Negative energy balance, as induced by both 15 percent and 30
percent calorie restriction, led to inhibition of papilloma (benign
skin tumors that can potentially lead to skin cancer) formation,
depending on TPA dose, when compared to either positive energy
balance inducing diet. Although tumor multiplicity, as measured
by papillomas per mouse, was slightly higher among those receiving
the more calorie dense fat diet, this was not different from the
less calorie dense fat diet with either dose of TPA, the researchers
noted. The impact of dietary energy balance manipulation on the
conversion of papillomas to squamous cell carcinomas in this model
of multistage skin carcinogenesis is also being assessed.

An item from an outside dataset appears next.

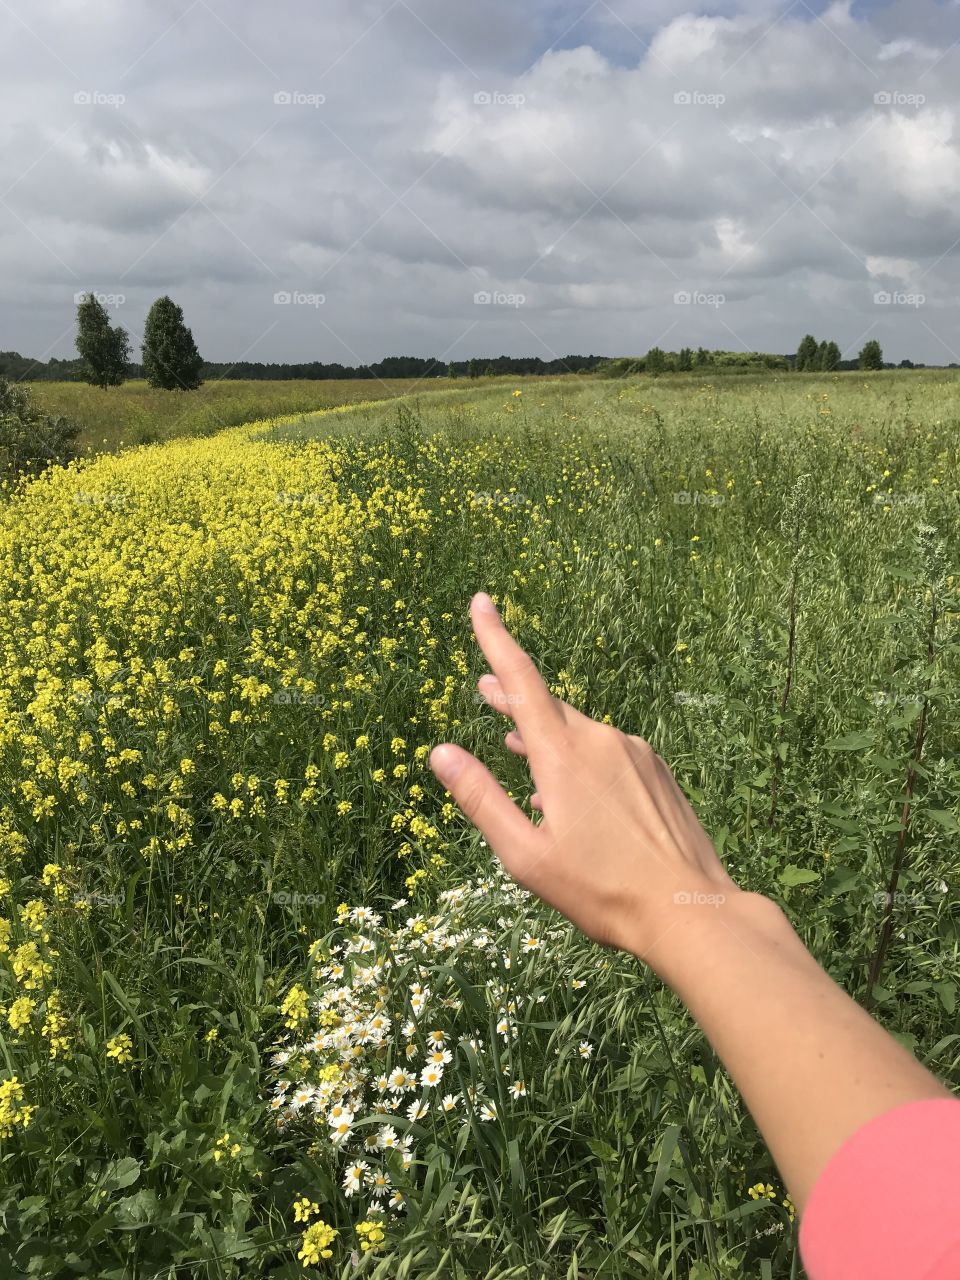 Russian field.  Wild flowers on a wild day.  Chamomile, hypericum. Gloomy sky and lawn with flowers. Hand pointing away. Hand showing the direction.

These researchers have also shown that dietary energy balance
alters signaling through the Akt and mTOR pathways, both of which
are related to TPA-mediated skin tumor development. They propose
that the mechanism for the effect of dietary energy balance on
Akt and mTOR signaling may be mediated, in part, by changes in
serum IGF-1 levels, which then alters signaling through the IGF-1R
and EGFR.
"These findings will provide the basis for future translational
studies targeting the Akt/mTOR pathway via combinations of lifestyle
(e.g., moderate calorie restriction regimens) and pharmacologic
approaches for the prevention and control of obesity-related epithelial
cancers in humans," said John DiGiovanni, Ph.D., director of M.
D. Anderson Cancer Center – Science Park Research Division, in
whose lab this work is being conducted.